一种列式存储下多时间序列的连接查询方法,包括:将列式存储的多个时间序列划分为多个待查询序列和多个过滤序列,所述时间序列包括时间戳序列和数据值序列(步骤S1);从每一过滤序列的时间戳序列中筛选出每一过滤序列满足预设过滤条件的时间戳(步骤S2);基于每一过滤序列满足所述预设过滤条件的时间戳,对所述查询序列进行遍历,获取连接查询结果,所述连接查询结果为查询序列的时间戳以及查询序列的时间戳对应的数据值(步骤S3)。通过对所有列的过滤条件计算出满足该所有条件的时间戳,再通过该时间戳来对查询列进行查询,能够根据时序数据的特点进行有效的过滤及查询。

Description

一种列式存储下多时间序列的连接查询方法及系统
交叉引用
本申请引用于2017年12月12日提交的专利名称为“一种列式存储下多时间序列的连接查询方法及系统”的第2017113226315号中国专利申请,其通过引用被全部并入本申请。
技术领域
本公开属于计算机数据管理技术领域,更具体地,涉及一种列式存储下多时间序列的连接查询方法及系统。
背景技术
伴随着云计算、互联网、物联网等现代技术的不断发展和成熟,人们对数据的关注度越来越高。数据来源于我们生活的方方面面,包括企业的生产交易数据、互联网中人与人的交互数据、物联网中传感器回传的监测数据等等,在这其中时间序列数据占据了很大的比重。时间序列数据简称时序数据,是指传感器在不同时间点上收集到的数据,数据中必须包含时间戳timestamp字段,除timestamp字段外还需包含传感器唯一ID及该时间戳下的数据值,比如一段时间内的环境温度、股票价格、机器的内存使用率等。这类数据反映了某一事物、现象等随时间的变化状态。
针对以上特点,时序数据存储多采用列式存储,即将时间戳序列、值列分别单独存储,因为同一列的数据类型都是一致的,所以对列式存储的数据可以采用高效的数据压缩编码方法,从而大大降低存储数据占用的空间。

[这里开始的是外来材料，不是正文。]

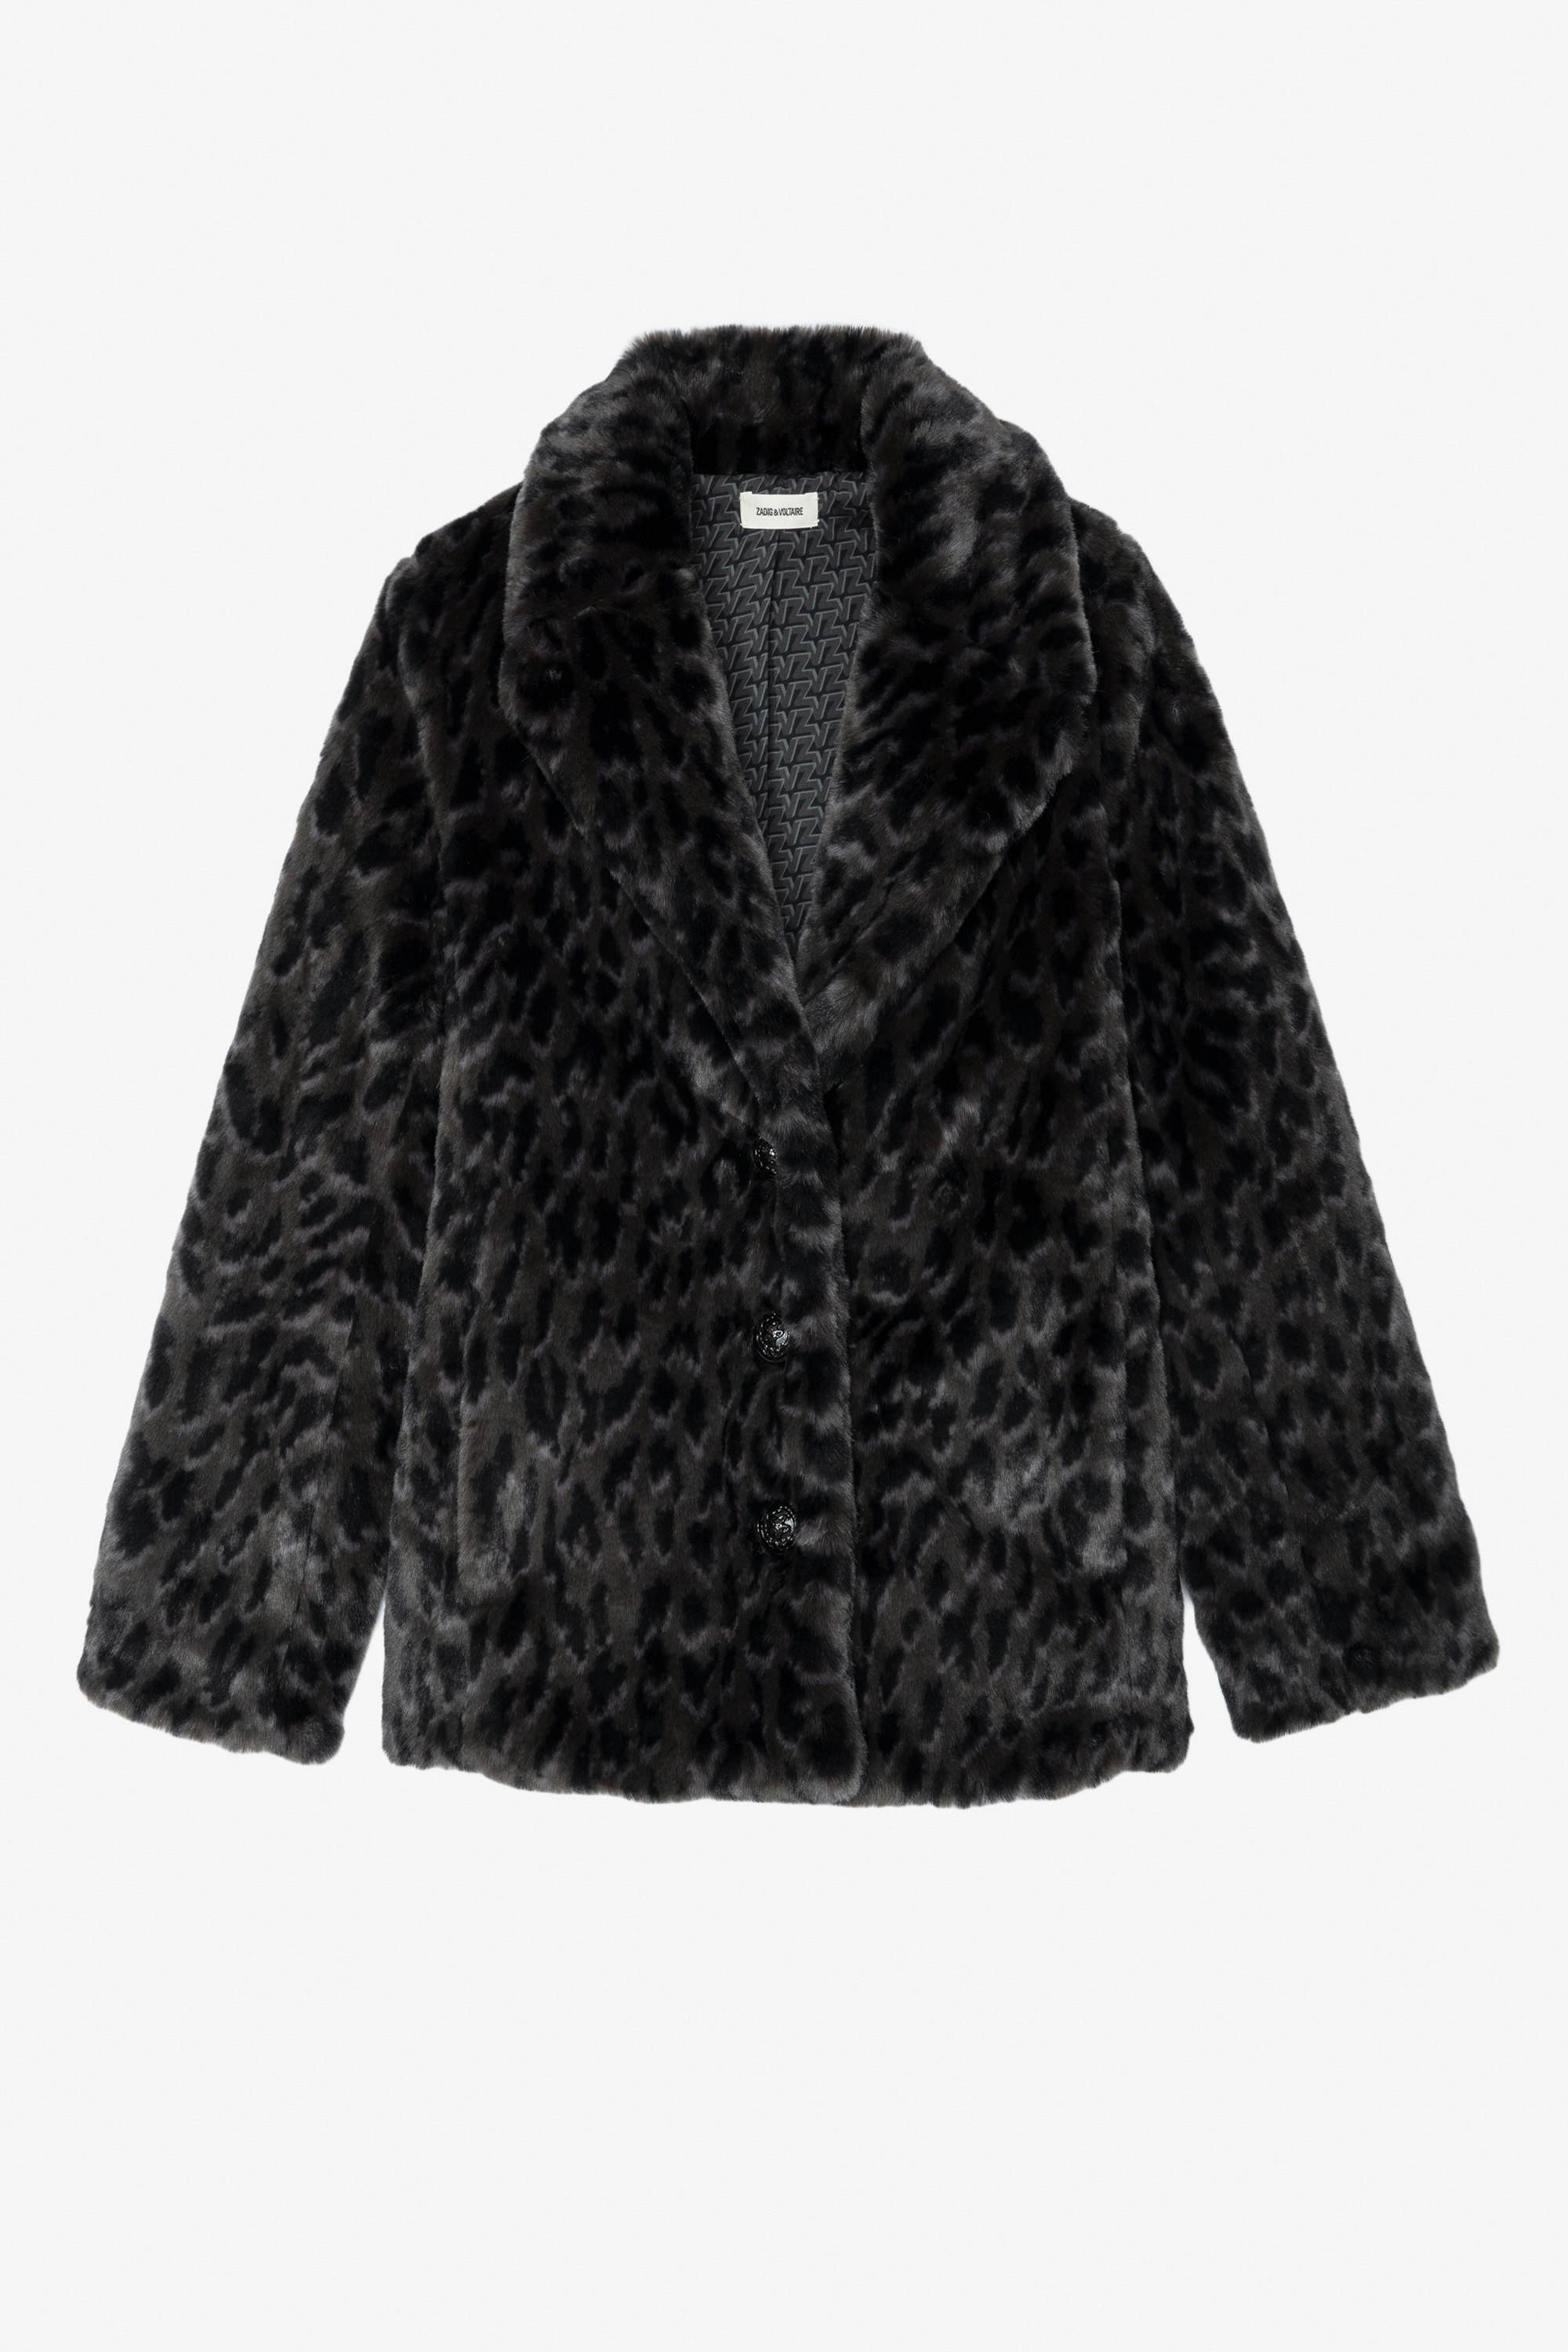 Fera Coat - Women's short faux fur coat.

但是在列式存储降低数据存储量的同时,对于数据的查询效率和查询准确率将会降低,因而现在亟须一种针对列式存储下的多时间序列的连接查询方法。
发明内容
本公开提供一种克服上述问题或者至少部分地解决上述问题的一种 列式存储下多时间序列的连接查询方法,其特征在于,包括:
步骤S1、将列式存储的多个时间序列划分为多个待查询序列和多个过滤序列,所述时间序列包括时间戳序列和数据值序列;
步骤S2、从每一过滤序列的时间戳序列中筛选出每一过滤序列满足预设过滤条件的时间戳;
步骤S3、基于每一过滤序列满足所述预设过滤条件的时间戳,对所述查询序列进行遍历,获取连接查询结果,所述连接查询结果为查询序列的时间戳以及查询序列的时间戳对应的数据值。
其中,步骤S2包括:
S21、获取每一过滤序列对应的过滤条件,所述过滤条件包括时间戳限制和数据值限制;
S22、对于每一过滤序列,存储所述过滤序列的时间戳序列中的时间戳满足所述时间戳限制并且所述时间戳对应的数据值同时满足所述数据值限制的时间戳。
其中,步骤S22具体包括:
同时对每一过滤序列时间戳序列中的时间戳和过滤序列数据值序列的数据值进行批量读取,所述批量读取为每次读取预设数量的时间戳和数据值,直至所述时间戳序列中的时间戳和数据值序列的数据值全部被读取完;
基于读取结果,分别存储每一过滤序列满足过滤条件的时间戳。
其中,步骤S3包括:
S31、在每一过滤序列满足过滤条件的时间戳中,筛选出所有过滤序列共有的第一时间戳;
S32、在所述查询序列中遍历,获取所述查询序列的时间戳序列中与所述第一时间戳相同的第二时间戳;
S33、将所述第二时间戳以及所述第二时间戳对应的数据值作为连接查询结果。
其中,步骤S31包括:
从每一过滤序列满足过滤条件的时间戳中分别选取一个目标时间戳存储在预设的存储队列中;
基于每一过滤序列对应的目标时间戳,在其余过滤序列满足过滤条件的时间戳中遍历,若其余过滤序列过滤条件的时间戳中均包含所述目标时间戳,则将所述目标时间戳作为所述第一时间戳。
其中,步骤S31还包括:
基于每一过滤序列对应的目标时间戳,在其余过滤序列满足过滤条件的时间戳中遍历,若其余任一过滤序列满足过滤条件的时间戳中没有所述目标时间戳,则从所述存储队列中删除所述目标时间戳。
其中,所述存储队列为优先级队列。
根据本公开的第二方面,提供一种列式存储下多时间序列的连接查询系统,其特征在于,包括:
序列划分模块,用于将列式存储的多个时间序列划分为多个待查询序列和多个过滤序列,所述时间序列包括时间戳序列和数据值序列;
时间戳过滤模块,用于从每一过滤序列的时间戳序列中筛选出每一过滤序列满足预设过滤条件的时间戳;
连接查询模块,用于基于每一过滤序列满足所述预设过滤条件的时间戳,对所述查询序列进行遍历,获取连接查询结果,所述连接查询结果为查询序列的时间戳以及查询序列的时间戳对应的数据值。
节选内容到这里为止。